The cable era broke the domination of the broadcast networks, ushering choice to consumers and diluting audiences. In the emerging online era, content creators, advertisers, and viewers are all gaining leverage over the traditional multichannel model, which puts an onus on network owners to establish brand relevance for consumers that are learning to expect access to any program they want at any time on any device. Although the multichannel economics are favorable to network owners now, strategies aimed at inhibiting the transition to online weaken the long-term viability of network properties, as they open opportunities for new Internet-based rivals. As content owners, viewers and advertisers shift attention online in an inexorable self-reinforcing cycle, networks will either get up to speed or fall aside. All of this may play out faster than many expect, making the next 18-24 months crucial in establishing the winners and losers for the next 20 years.
25 years ago, the television industry passed from the broadcast era to the cable era, disrupting the existing value chain and creating enormous opportunities. At first cable was launched to support broadcast TV by assuring clear reception, but it soon morphed into a disintermediating force on existing broadcast networks and their affiliated stations. Cable-only channels proliferated diluting the audience for broadcast network programming, creating competition for acquiring content, and siphoning advertising dollars. From a much larger TV pie, broadcast networks now take a much smaller slice and local affiliates struggle for relevancy, while multichannel distributers and cable networks have grown and prospered, circumstances that evolved from unthinkable to inevitable over just 10-15 years.

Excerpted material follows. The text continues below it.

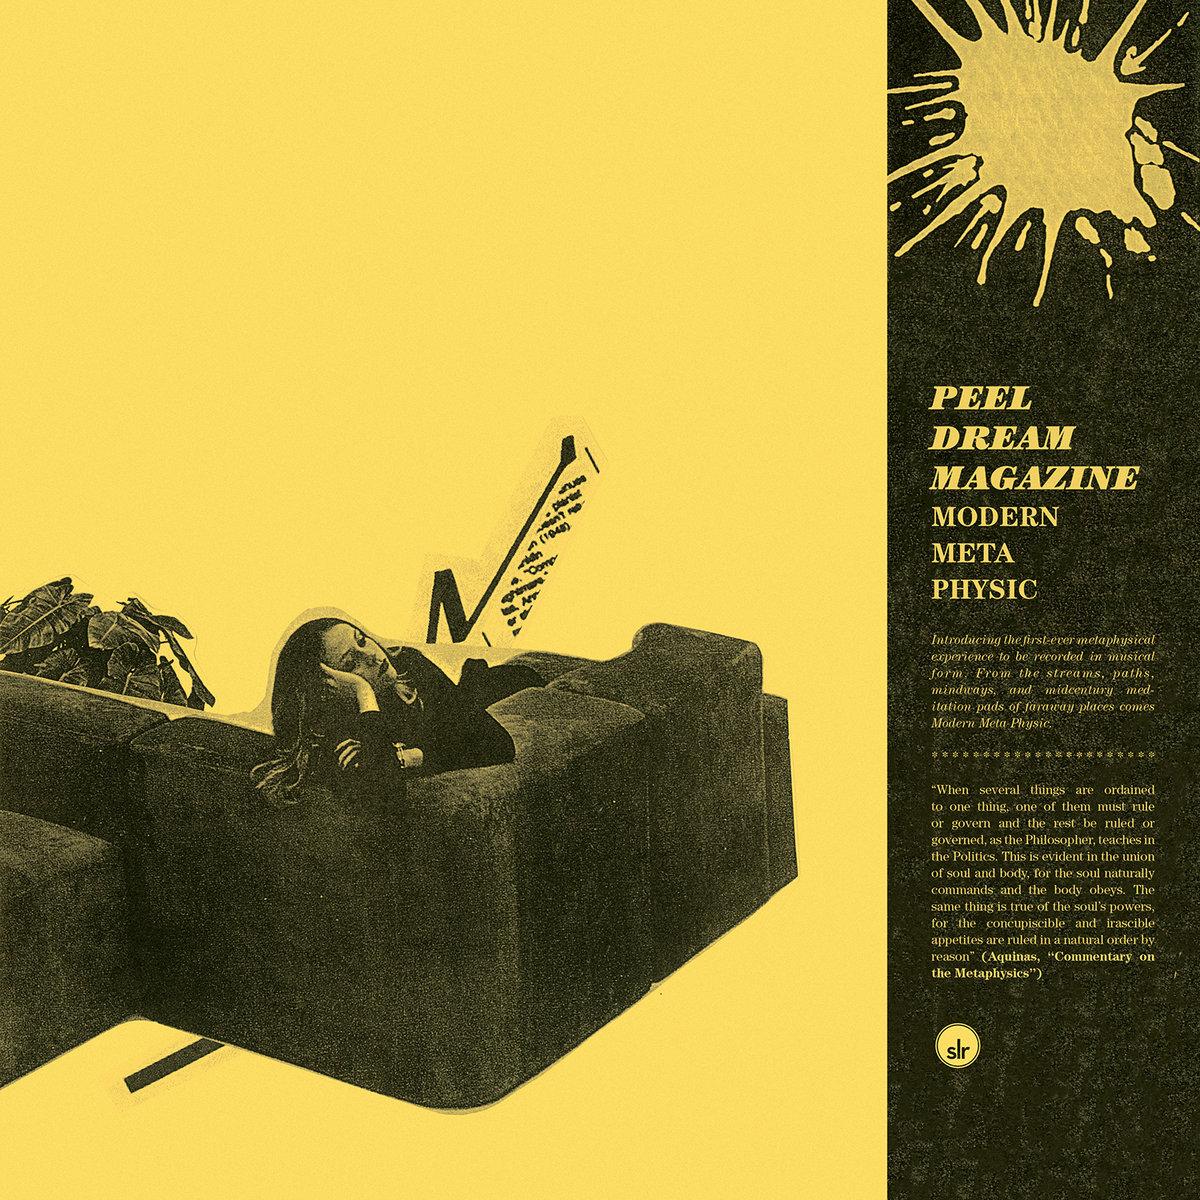 peel dream magazine.jpg

Network owners are under pressure as the industry passes from the cable era to the on-line era, disrupting the existing value chain and creating enormous opportunities. The analogs are clear, with channelized networks pressured by on-line for both eyeballs and ad dollars and multichannel distributers shunted to the same trajectory as traditional broadcast affiliates. Advertisers, content owners and viewers will all gain leverage from greater choice and lower switching barriers, placing the onus on network owners to justify their value in the new paradigm.
Audience dilution is devaluing top programs, as network proliferation increases the overall need for new content. Online exacerbates both problems for network owners. With the explosion of cable channels, the audience for the most popular programs has begun to fall, reducing willingness to pay up at the high end, while the number of networks shopping to fill out their schedules is raising overall programming costs. Internet aggregators are commissioning original programming, creating even more competition for content, and likely, further audience dilution. It may be that expensive content in the future will a have to be distributed across as many platforms as possible to justify its cost.
Deep pocketed on-line aggregators are moving aggressively to establish their own on-line video brands. Internet platform companies – i.e. Apple, Google, Amazon, Microsoft, and Facebook – are becoming trusted curators of online content for their users. While on-line video audiences are still small, these cash rich players are seeing rapid growth and are investing to offer proprietary content and superior streaming performance. While access to network controlled programming is extremely valuable today in building an audience, its importance may diminish with time, as aggregators establish their own content and as independent sources, like VEVO, Machinima and Funny or Die prosper.
Advertisers are the biggest revenue driver for network owners, and will have motivation to shift spending as the on-line audience grows. We have written about the changing landscape of advertising, the most important revenue source for network operators. As audience measurement and advertising effectiveness tools become more widely accepted, we expect on-line to grow rapidly as a percentage of overall ad spending, soon to the detriment of multichannel television. Since the potential for further gains in subscriber revenue from cable, satellite and telcoTV operators is constrained by already high end user prices and by conflict with affiliates over retransmission, this trend will press networks to follow advertisers online.
While a static view suggests that network owners should be cautious, a more dynamic model highlights the hidden costs of inaction. A common take on the network owner’s dilemma suggests that they are best off in lock step with cable, as the rising tide of rights fees have been the primary source of growth. However, looking further ahead, and considering the entire value chain changes the equation. The stunning growth of tablets and a generation of viewers who expect to be able to watch whatever they want to watch whenever they want to watch it are corrosive agents to the multichannel model, as is the $128 average monthly cable bill. Add to this content owners being seduced by the possibility of a bigger share of the pie online, a growing pool of advertisers willing to pay more online where they know exactly who is watching their ads, and the threat of online aggregators who have the early jump and may supersede network operators in the next era.
Winning networks will act boldly and independently to establish their brands online. Network operators are keen to retain control over their own programming and have largely resisted pressure to favor particular channels. As such, negotiations with cable operators over TV Everywhere and with Apple and Google over their connected TV initiatives have been contentious. To date, CBS and NBC have been the most aggressive in embracing the internet, although Comcast’s acquisition of NBC-Universal may change that. Disney-ABC have been the most conservative in hewing to the multichannel model, a stance that we believe will be counterproductive in the long run.